On 30/08/2012 02:33, Johan Tibell wrote:
Hi all,
After reading the Safe Haskell paper today, I got the impression that no one actually wants the .Safe modules currently in vector. If vector was to be made Safe Haskell friendly, we should instead add .Unsafe modules (and have the rest of the modules declared Trustworthy). Having .Unsafe modules is better than having .Safe modules, because
* there are many more safe functions than unsafe functions, and * Haskell is by default safe, so having modules called .Safe is a bit like having modules called .Pure. There's precedence for having .Unsafe modules in e.g. bytestring.
If that's the case, and if Roman agrees, I suggest we release a new major version that
* removes all the .Safe modules [1], * adds new .Unsafe modules, and * marks the functions that are now exported through the .Unsafe modules deprecated in their original (non-.Unsafe) location.
+1 from me, although when we discussed doing this previously Roman was not keen.

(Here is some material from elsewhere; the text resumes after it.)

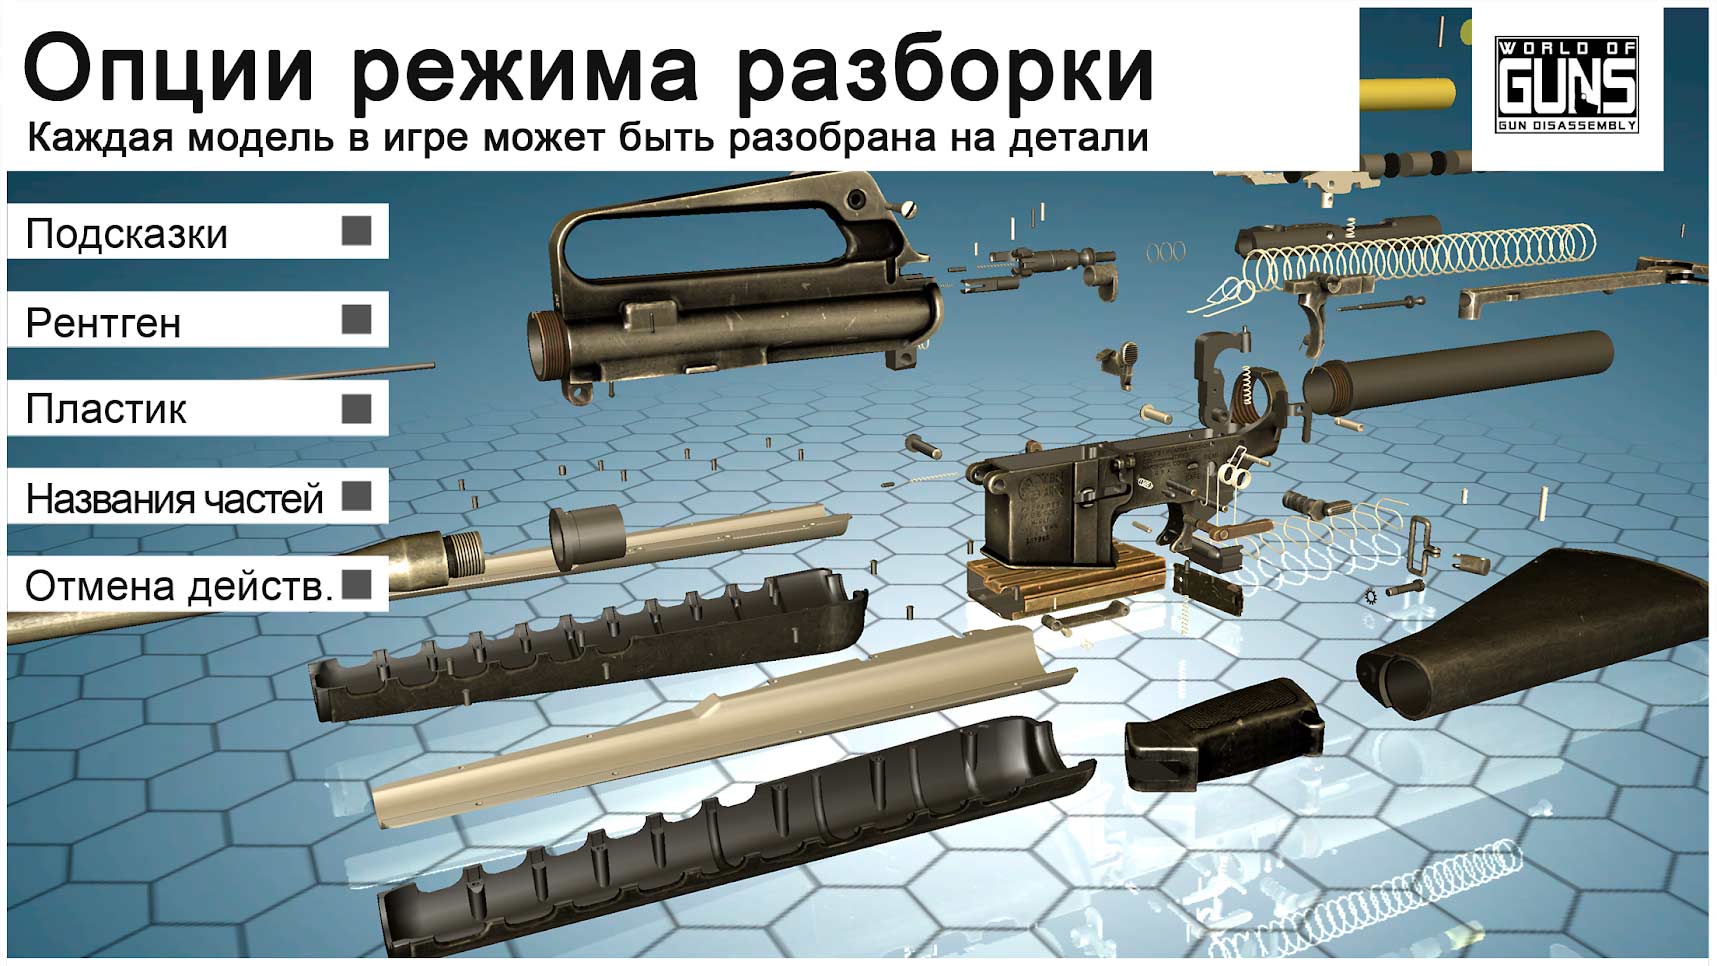 world of guns gun disassembly apk mod
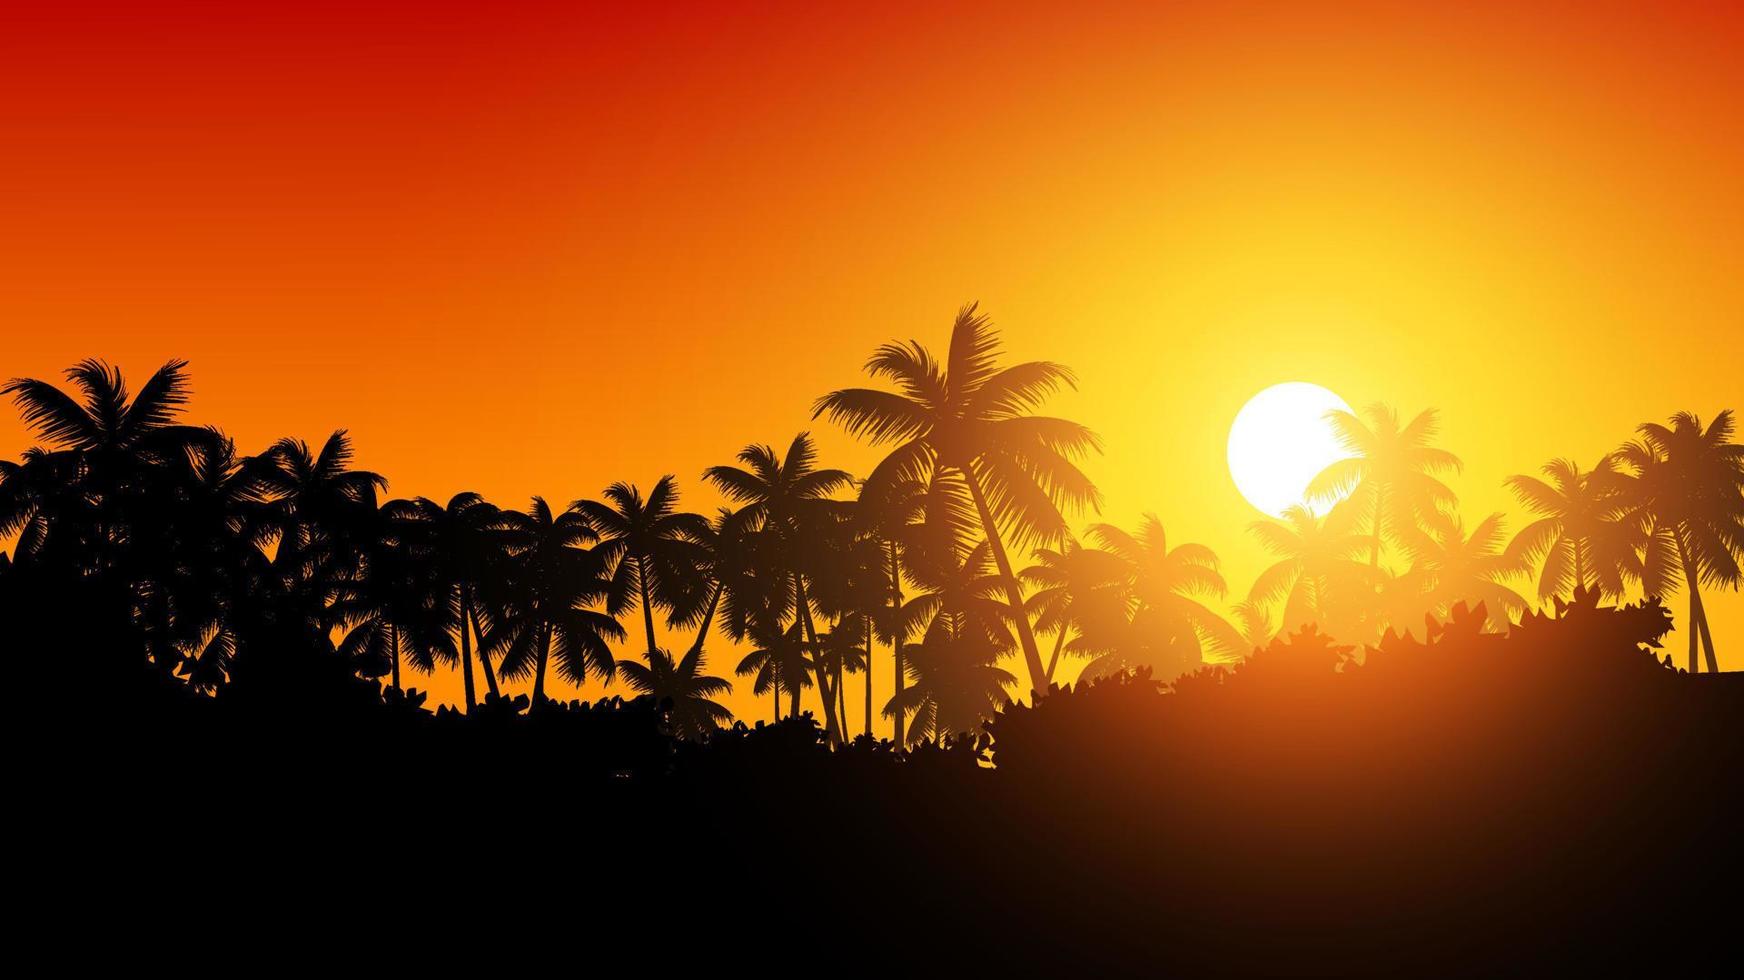 fond de nature coucher de soleil tropical avec silhouette de palmiers et rayon de soleil sur les arbres vecteur

I suggest that the deprecation doesn't involve an actual deprecation pragma in this release [2], but instead just a comment. A future major release could add the deprecation pragma and another major release after that could remove the actual functions.
Why not a deprecation pragma initially? That's like adding another level of "soft deprecation"; how long before we also need "extra-soft deprecation" and "ultra-soft deprecation"? (I feel a bog-roll analogy coming on :-)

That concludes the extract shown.